Hadoop tutorial :-
Hadoop is a apache framework developed completely in java java with opensource brand.
Hadoop analyze and process large amount of data i.e peta bytes of data in parallel with less time located in distributed environment. Hadoop is not a single tool which contains combination of different sub frameworks called Hadoop Core,Map Reduce,HDFS,Pig,HBase. Hadoop is mostly used for OLTP transactions. Some big companies like facebook uses hadoop for OLAP transactions as well.Hadoop can be setup in clustered environment as well as single node environment.
HDFS is developed based on google file system (GFS)
Map Reduce is developed on google map reduce concept.
Pig framework is SQL wrapper for map reduce jobs
Basics of Hadoop HDFS :-
In
Hadoop, data is stored in hadoop distributed file system (HDFS) software
in the form blocks (chunk of size),data is replicated in different
nodes (called machines) in clustered (many nodes) environment. In real
time scenario, thousands of peta bytes data is stored in thousand of
nodes in distribute environment. The advantages with storing replicated
data is data available when one of the node is down. With this, data
available all the time for the clients apps. Do we need high end
hardware for all these nodes? Answer is no, we can accommodate commodity
hardware for all these nodes.
if data is grown rapidly, we can add nodes without fail over of the whole system and losing the data. This we can call it as scalable system
in network terminology. This system handles the case of losing data
while adding machines to the existing machines or after the machine add
to the cluster.
As
you know cluster has different nodes, if one node fails, hadoop handles
the scenario without losing the data and serves the required work as
expected.
HDFS stores the data in the files where this files uses the underlying operating system’s file structure.

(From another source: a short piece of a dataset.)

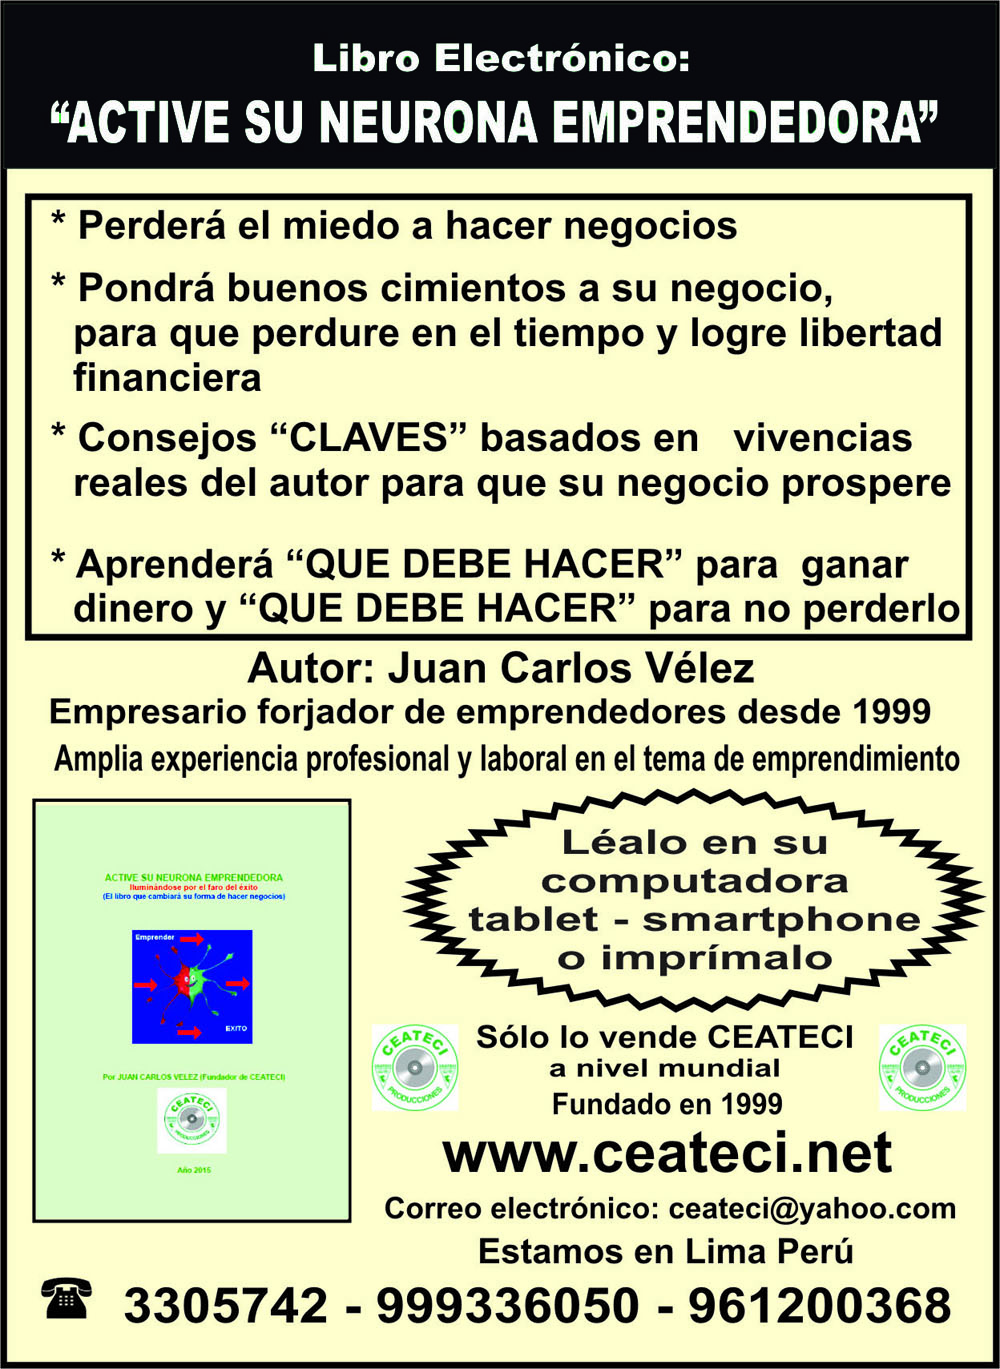 "ACTIVE SU NEURONA EMPRENDEDORA"- Libro de Ceateci para negocios.

HDFS is suitable for storing the large amount of data like peta and tera bytes of data which process the data using Map reduce for OLTP transaction.
Data storage in HDFS:-
In
HDFS, set of data is called as blocks,each block of data is replicated
in different node or machines. The number of nodes where this data is
replicated is configured in hadoop system.

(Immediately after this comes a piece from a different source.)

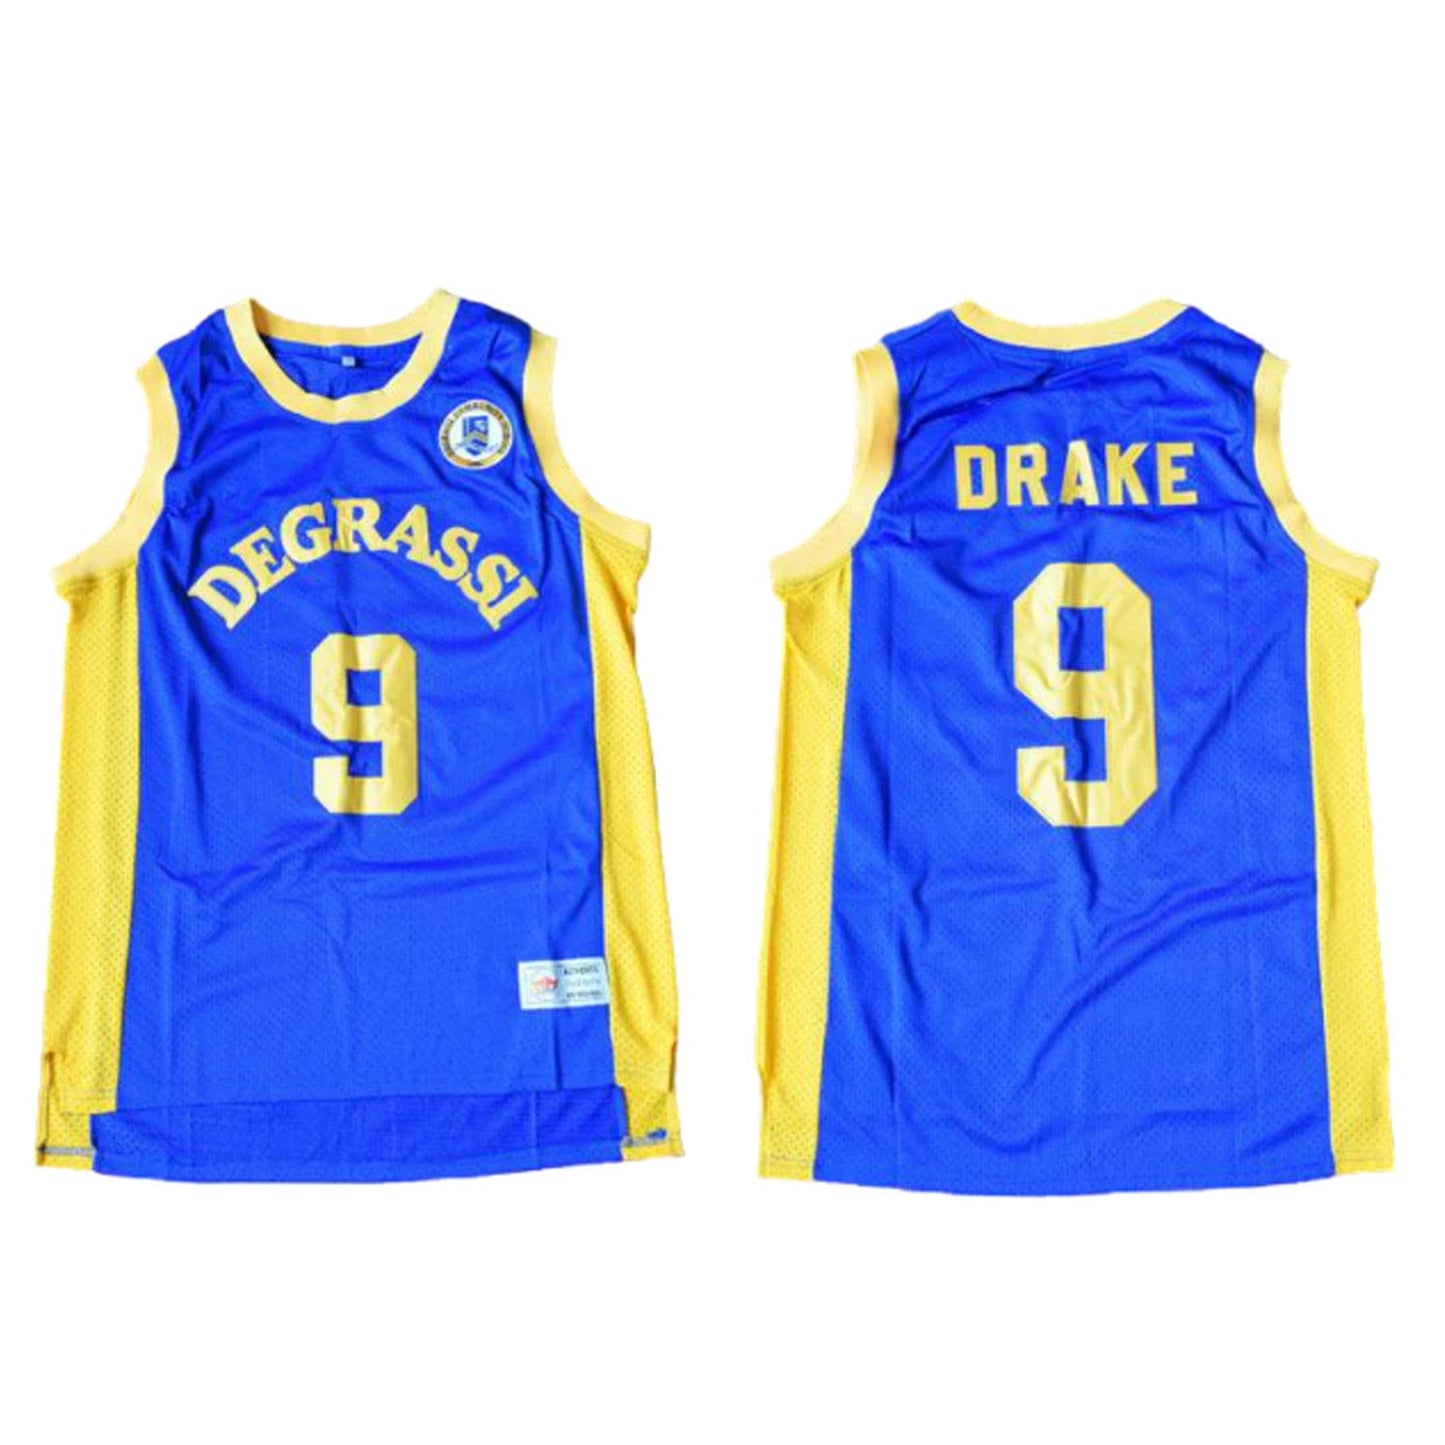 Degrassi 'Drake' 9 Jersey

Basics of Hadoop Map Reduce :-
In hadoop system, peta bytes of data is distributed in thousands of nodes in cloud environment.To process the data stored in HDFS, We need a applications.
Map Reduce is a java framework used to write programs, which are executed parallel to process large amount of data in clustered environment.
Hadoop
provides Map Reduce API’s to write map reduce programs. We have to make
use of those API’s and customize our data analysis login in the code.
The map reduce piece of code fetchs and process the data in distributed environment
As we want to process the data stored in HDFS,For this we need to write programs using some langugage like java or python etc.
Map reduce has two different task 1.Mapper 2. Reducer
Map takes the input data and process
this data in set of tasks with dividing input data. and out of this map
is result of set of task, which are given to reducer. reducer process this data and combine the data output the data.
Basics of Hadoop Hive:-
Hive
is apache framework which is SQL wrapper implementation of map reduce
programs. Hive provides sql languages which understand by hadoop system.
Most
of the times, data analysis done by database developers, so DB
developer is not aware of the java programs, in that case, hive tool is
useful.
Database developer writes Hive Queries in hive tool for the result. This queries calls the underlying map reduce jobs, process the data, finally data is returned to hive tool.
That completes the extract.